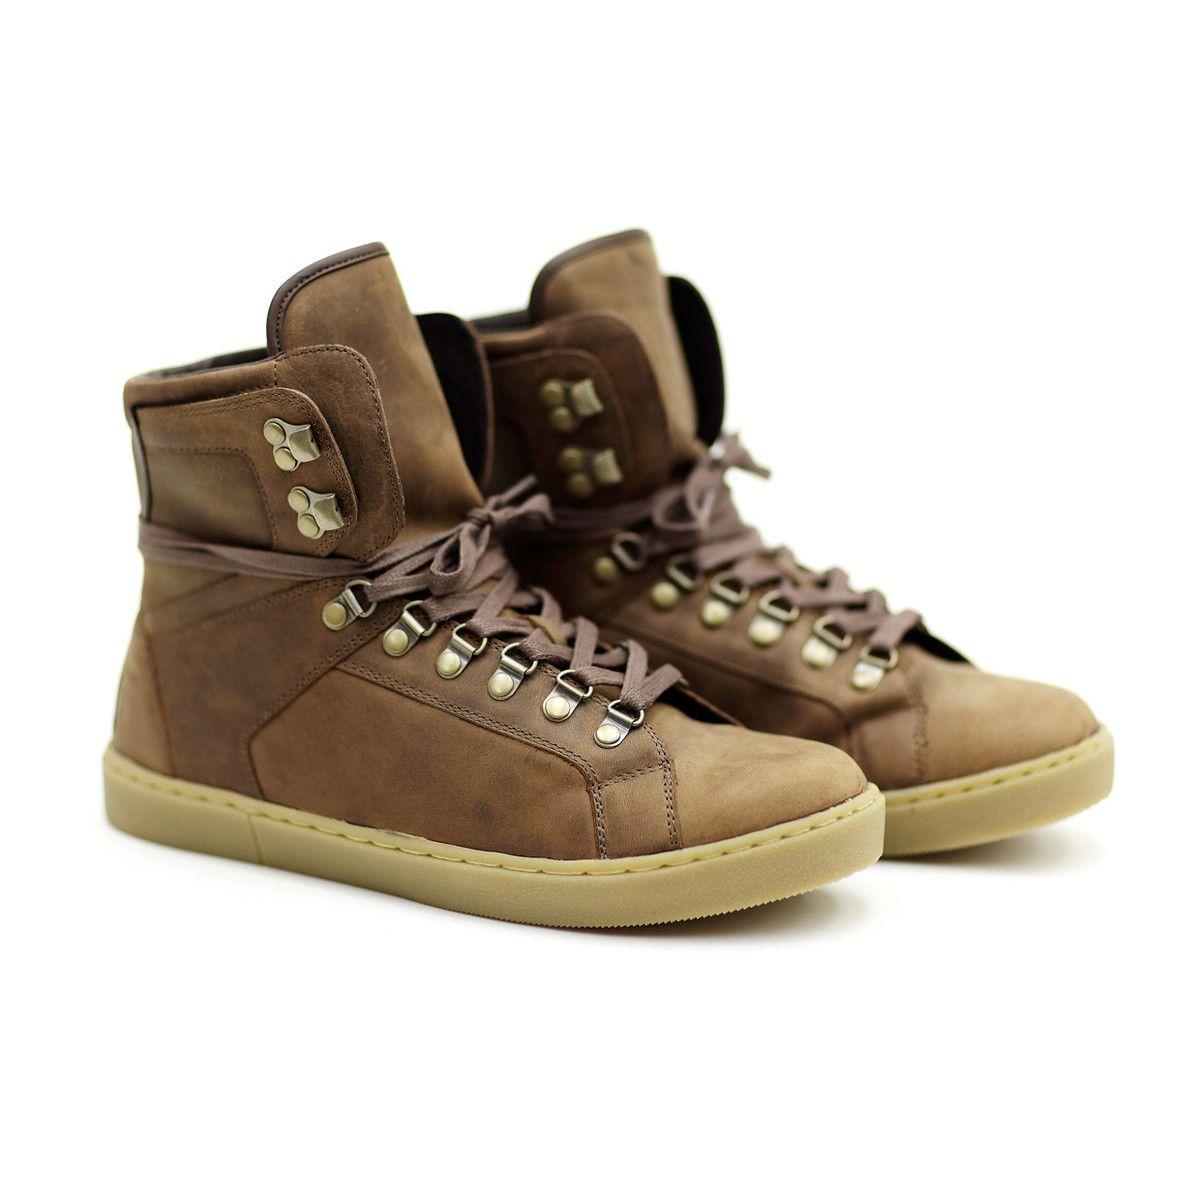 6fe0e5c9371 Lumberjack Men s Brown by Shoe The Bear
-.-.-
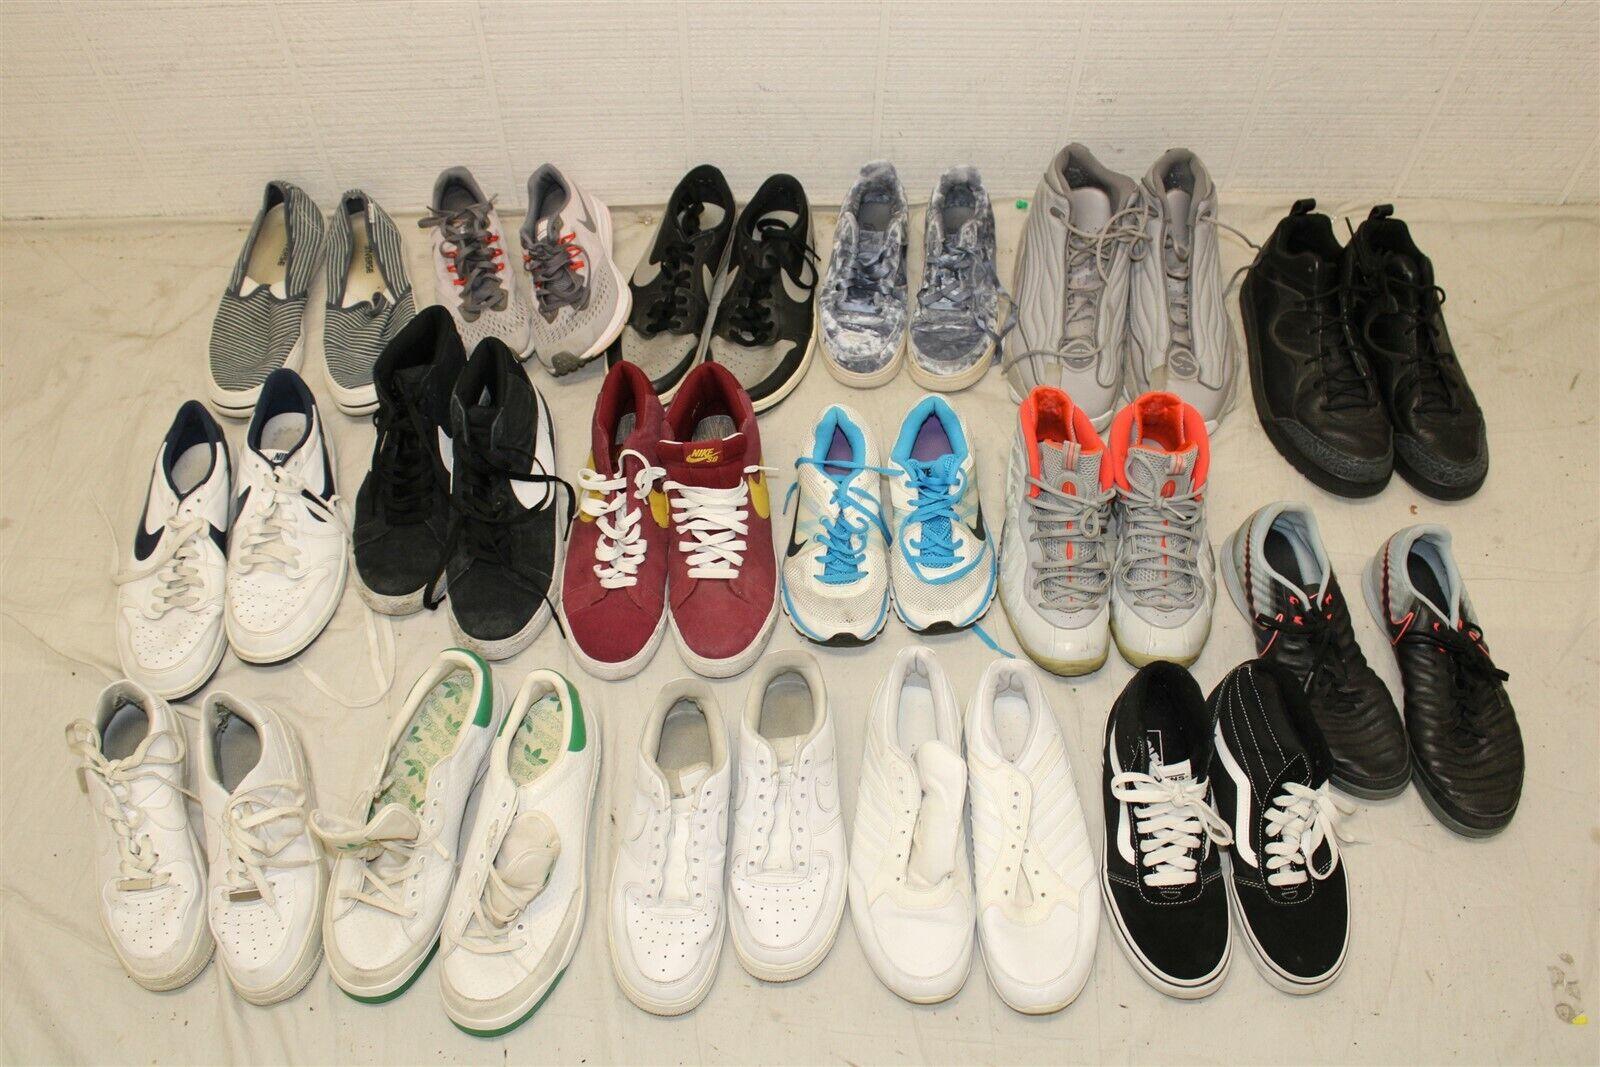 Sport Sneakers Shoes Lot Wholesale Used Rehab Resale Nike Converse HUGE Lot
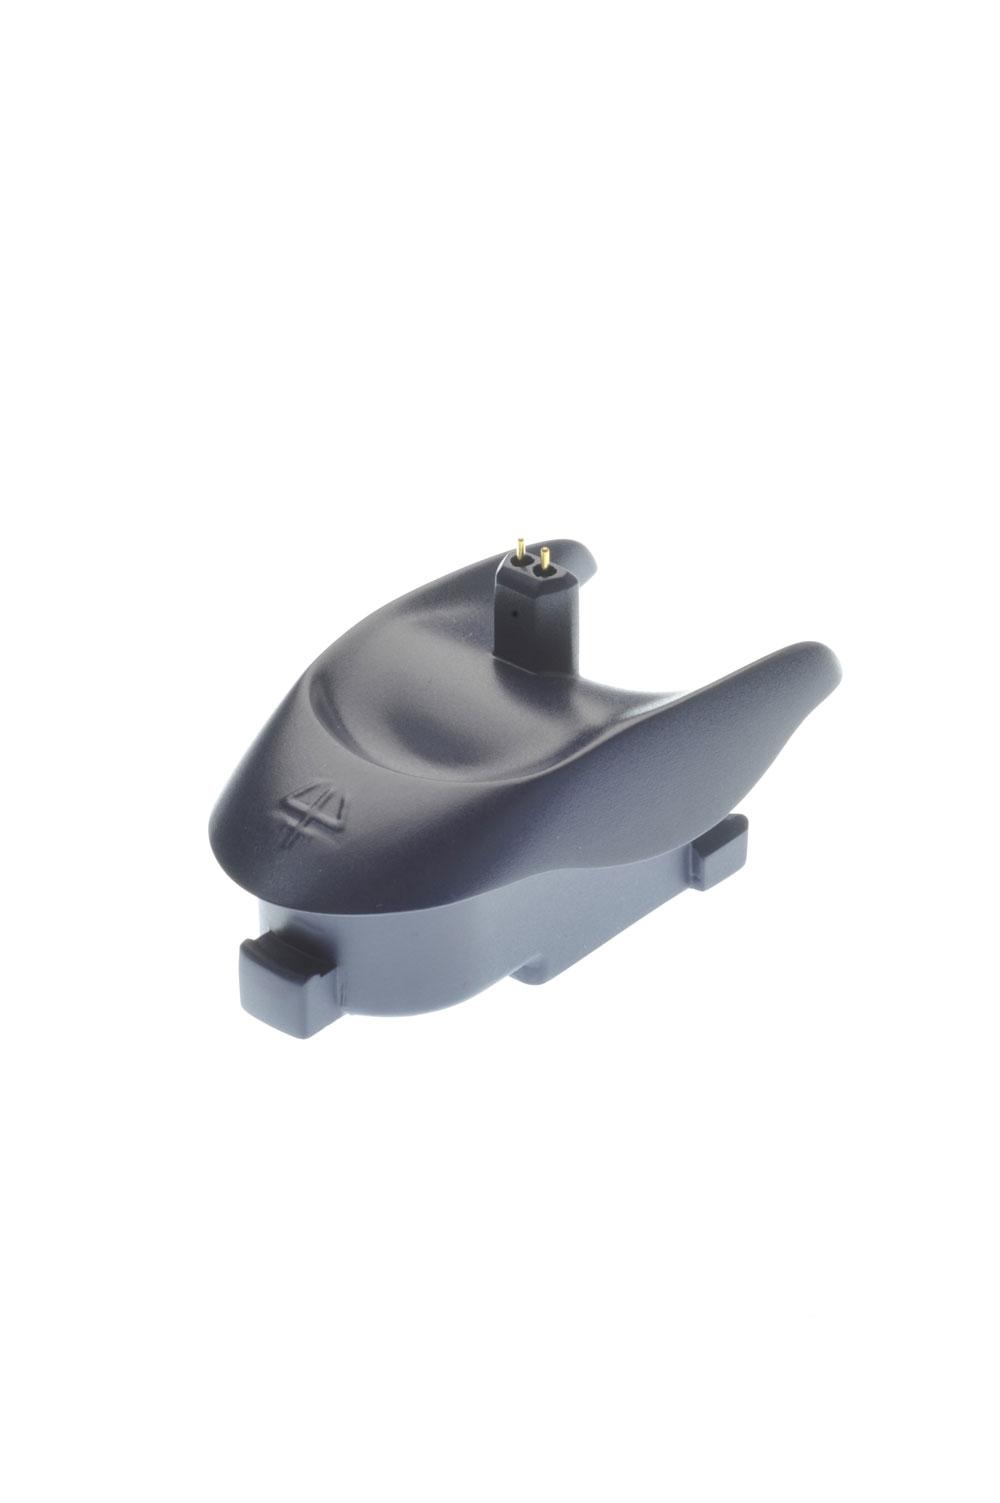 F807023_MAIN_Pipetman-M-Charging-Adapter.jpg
-.-.-
Extract from the material above the stretch running from the line containing "Sport Sneakers Shoes" through the line containing "F807023_MAIN_Pipetman-M-Charging-Adapter.jpg". Keep the text exact and the pictures out.

### Result of this task
 Sport Sneakers Shoes Lot Wholesale Used Rehab Resale Nike Converse HUGE Lot
 F807023_MAIN_Pipetman-M-Charging-Adapter.jpg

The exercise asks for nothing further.